Казаки тотчас же кинулись на спагов.
— Берите живьем этого, со значком! — крикнул своим донцам урядник.
Казаки старались как-либо отбить в сторону турка, возившего значок. Они наскакивали, но спаг отмахивался значком. Пугливые казачьи кони каждый раз шарахались в сторону, и турок ускользал из рук.
— Вот я сейчас его, сучьего сына! — обозлился урядник. Он изловчился и выстрелил из пистолета в коня всадника.
Турецкий конь рухнул на передние ноги, а спаг перелетел через голову и шлепнулся, как мешок.
Казаки в один миг скрутили его.
На выручку своего бросились остальные турки, но девятерых из них казаки уложили, а около десятка спагов успели ускакать.
Пленного спага повели к командующему армией.
III
Пленный, поджав под себя ноги, невозмутимо сидел перед мазанкой, в которой помещался командующий русской армией.

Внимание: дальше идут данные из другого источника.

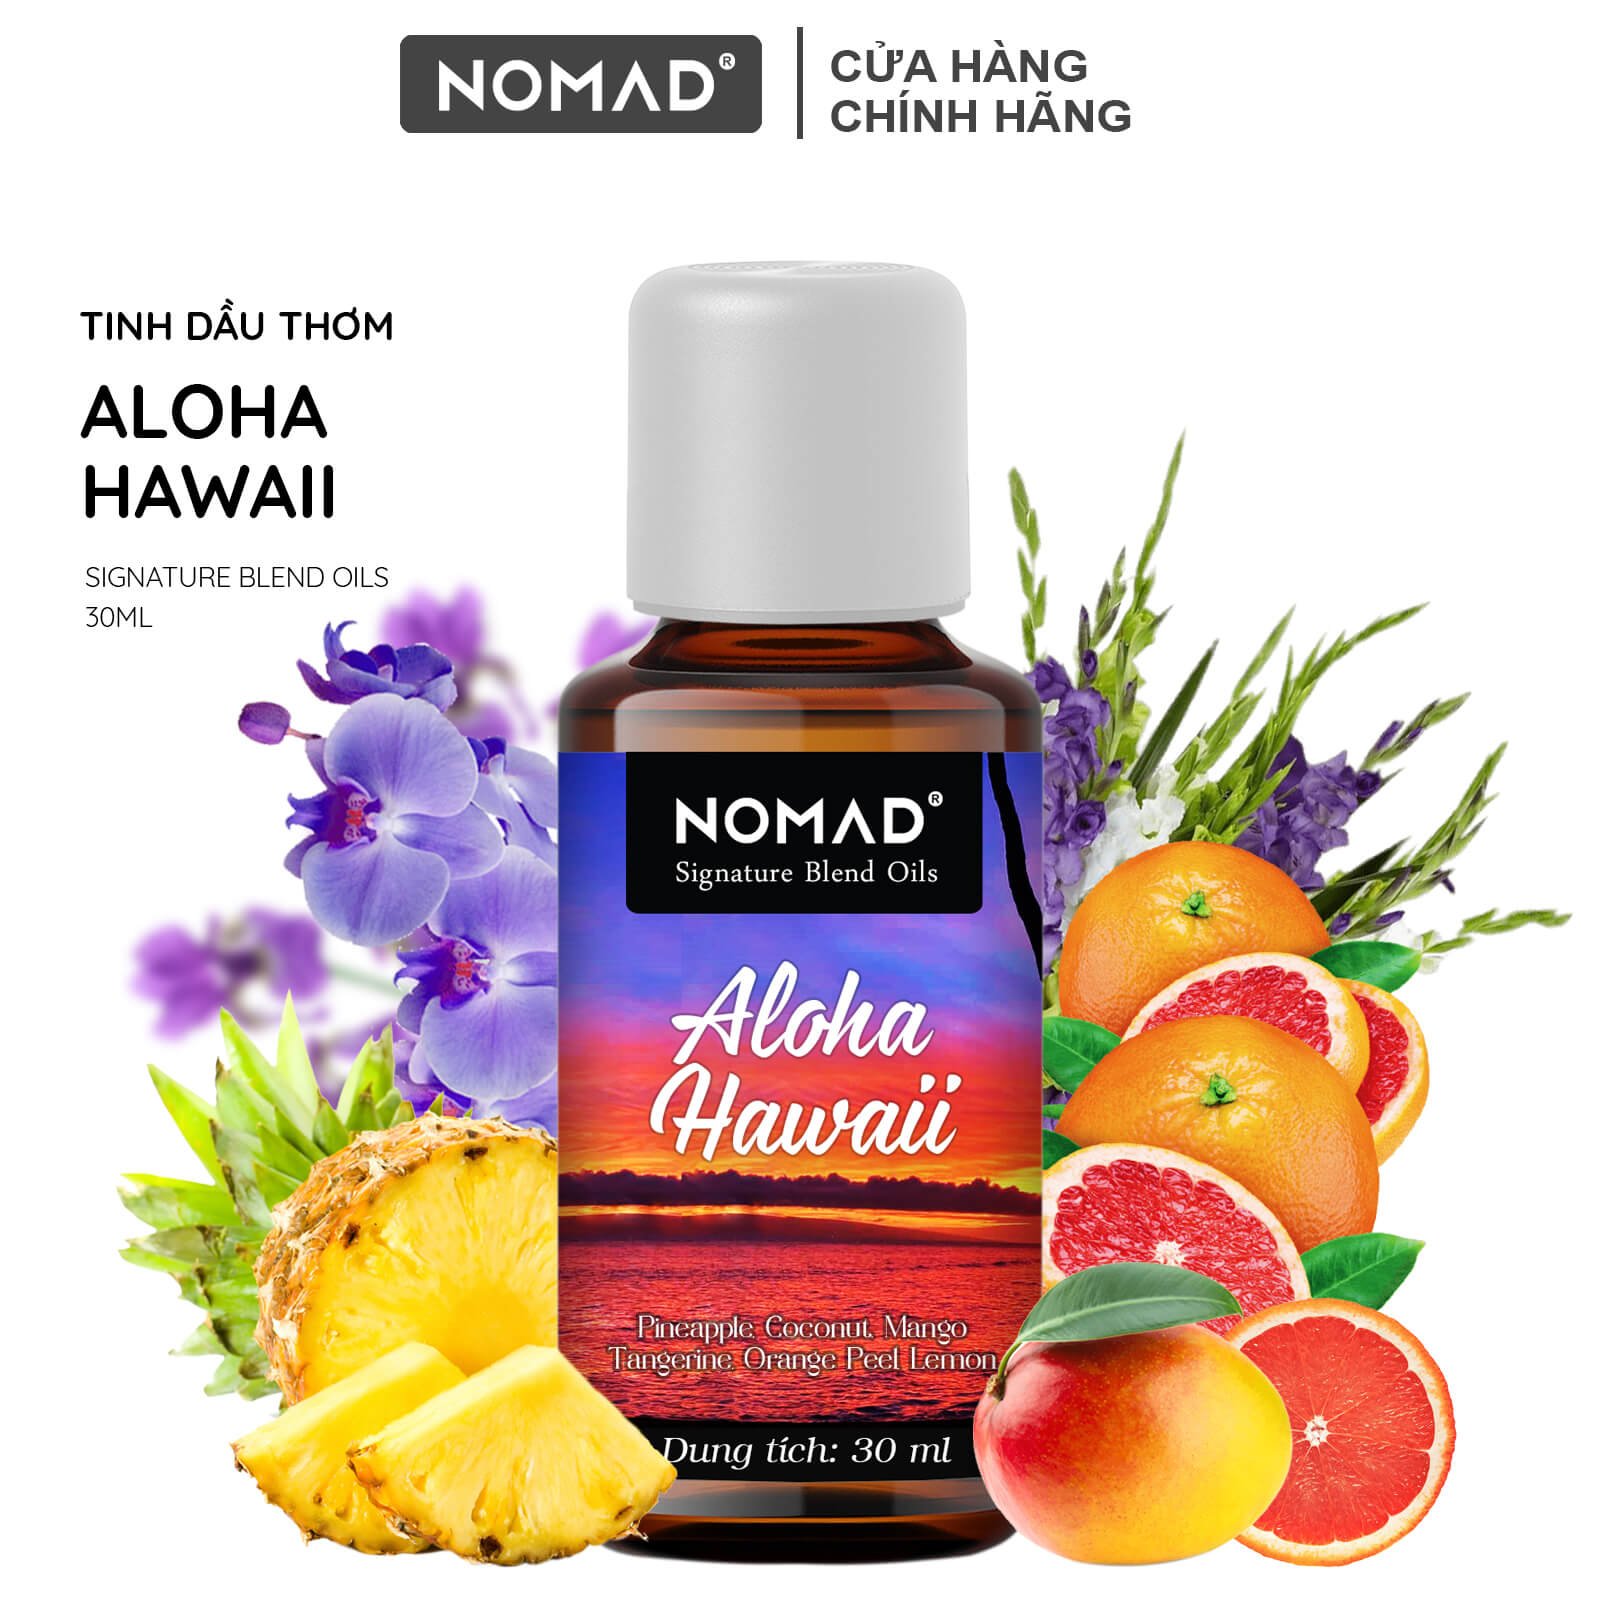 Tinh Dầu Thơm Nomad Signature Blend Oils - Aloha Hawaii

Турок уставился в землю, не обращая внимания ни на часовых, застывших у дверей мазанки, ни на входивших в нее и выходивших офицеров.
Двое карабинеров с палашами наголо стояли возле спага, изнывая от жары. Карабинеры с удивлением смотрели на турка: как может он сидеть в этакой чалме, окутавшей всю голову, когда в треуголке, которая прикрывает одно темя, и то невтерпеж?

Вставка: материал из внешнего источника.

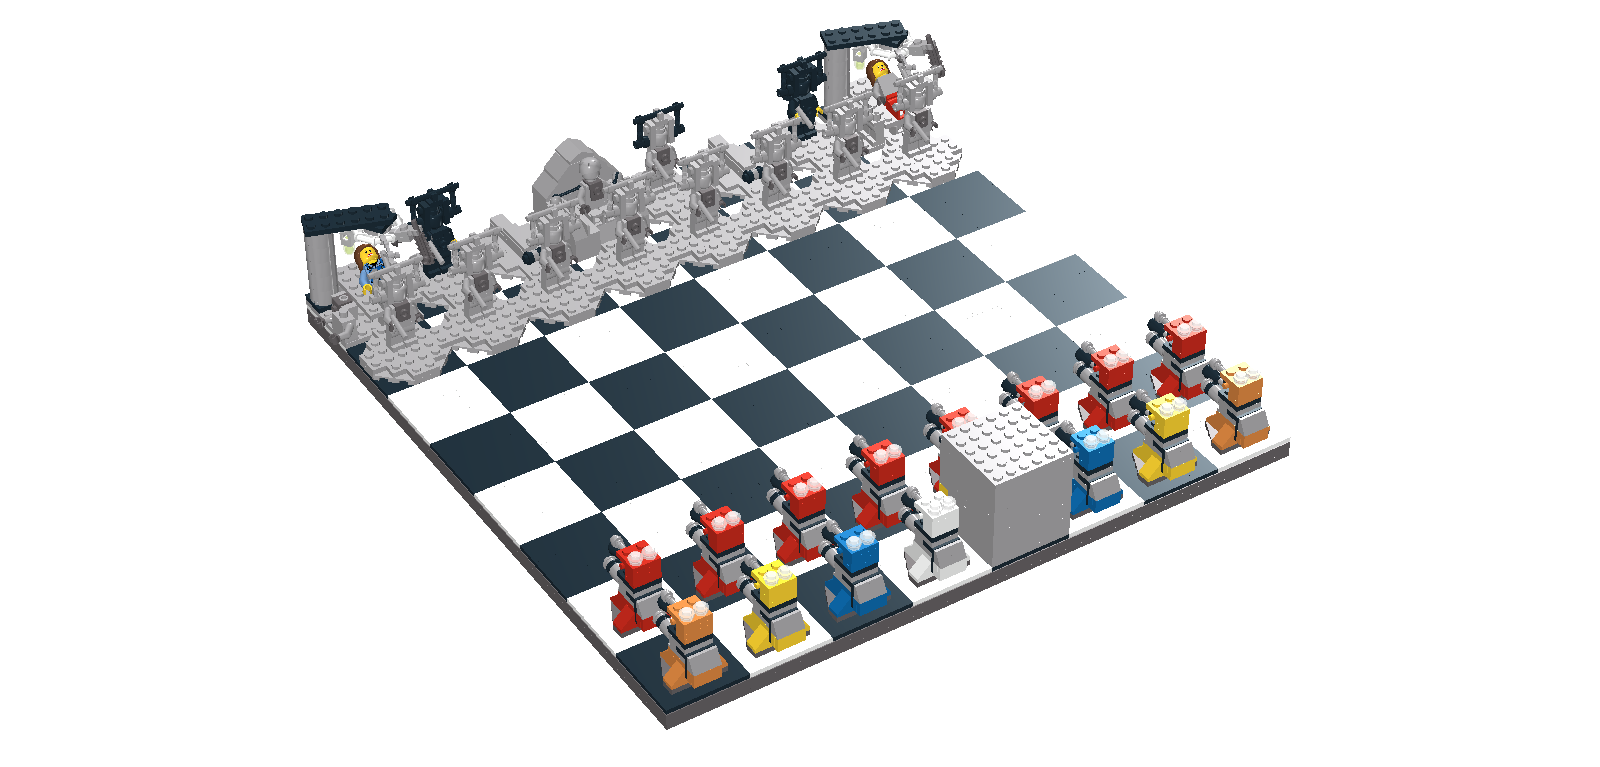 Chess-playing Cyberman, Tardis

Черноглазые молдаванские ребятишки выглядывали из-за угла, терпеливо ожидая, что же будет дальше. За эти дни они уже привыкли к русским и смело шныряли по лагерю.
Переводчик, низенький, тучный армянин, старался как-либо укрыться в тень камышовой крыши мазанки и все поглядывал на дверь: скоро ли выйдет командующий?

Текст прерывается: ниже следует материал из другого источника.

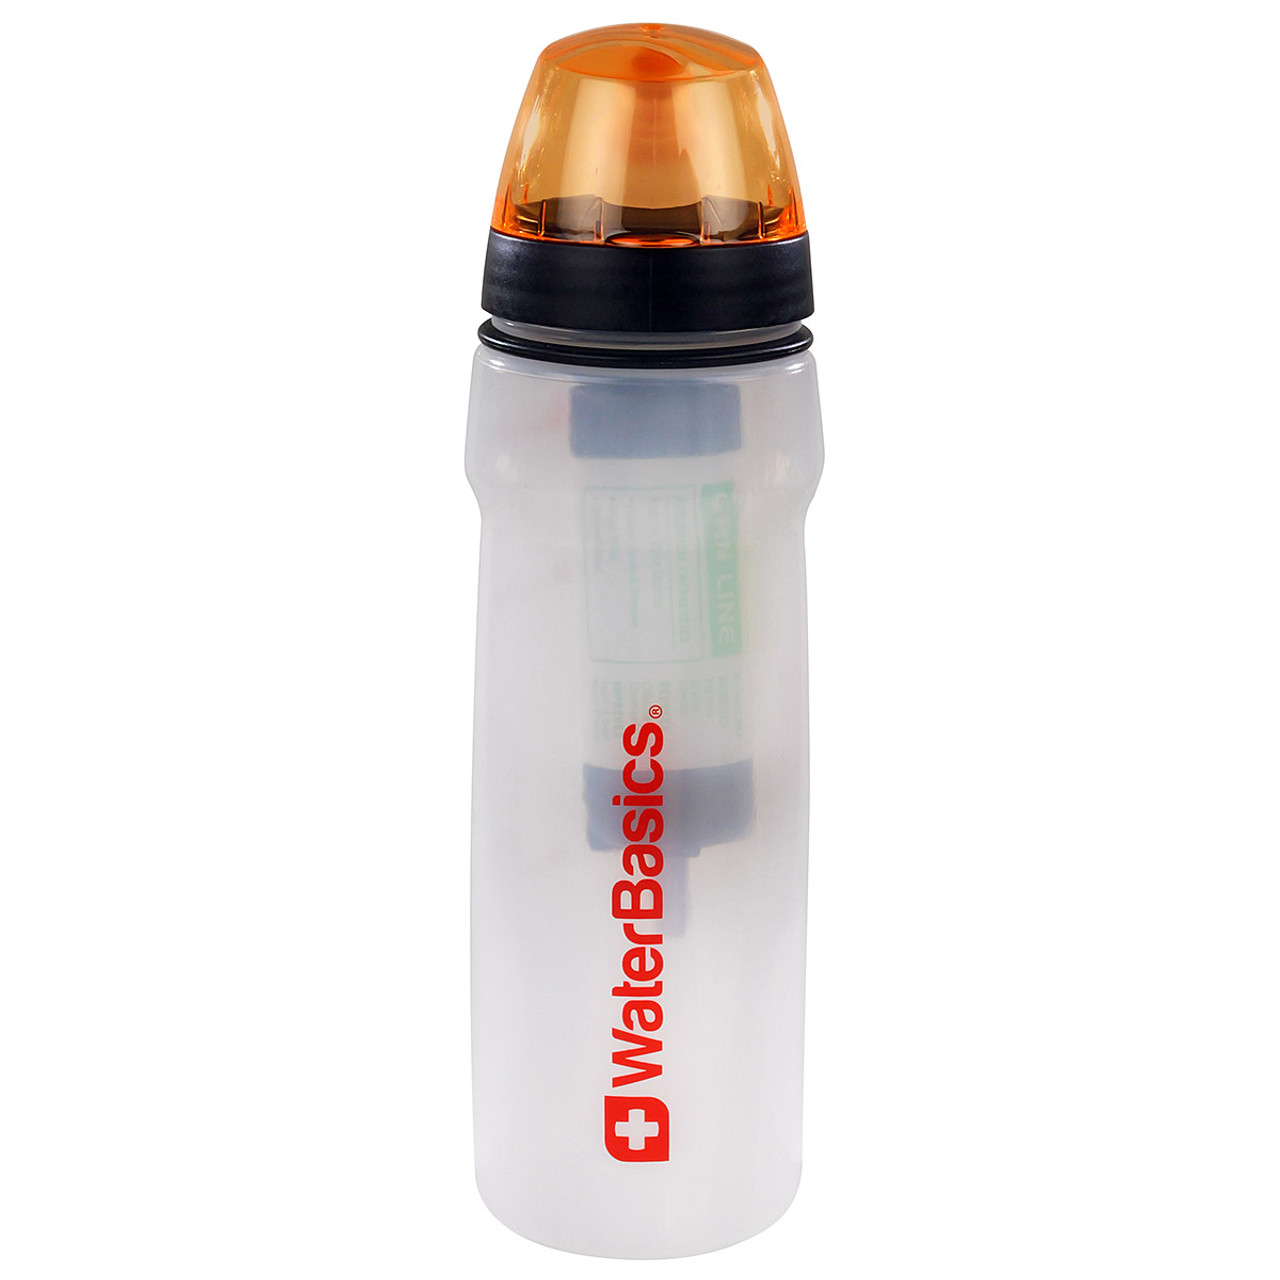 Seychelle 28oz Flip Top Advanced Filtration Bottle

Наконец послышались голоса и шаги. Из мазанки не торопясь вышел высокий, величественный Петр Александрович Румянцов.
За ним шли генералы Боур, Племянников, Олиц, Репнин и инженер-генерал Илларион Кутузов.
Переводчик подбежал к пленному, что-то быстро сказал ему и слегка ткнул турка в бок носком сапога.
Турок лениво поднял вверх голову, нехотя поднялся на ноги и вдруг, заливаясь краской, быстро залопотал.
Он запальчиво выпалил несколько фраз, среди которых мелькнуло слово „Румянчув“, и так же неожиданно смолк.
— Чего он хочет? — сурово спросил Румянцов.
Армянин перевел:
— Русские только надеются на свои пушки, против которых, конечно, никто не может устоять: они разят, как молнии! Но пусть русские не стреляют. Пусть Румянцов прикажет, чтобы его солдаты вышли как храбрые воины — с одним мечом в руках. И тогда он увидит, могут ли неверные противостоять мусульманам!
— Кипи, кипи, збанок, доки вухо не вырвется! — усмехнулся командующий, взглянув на генералов.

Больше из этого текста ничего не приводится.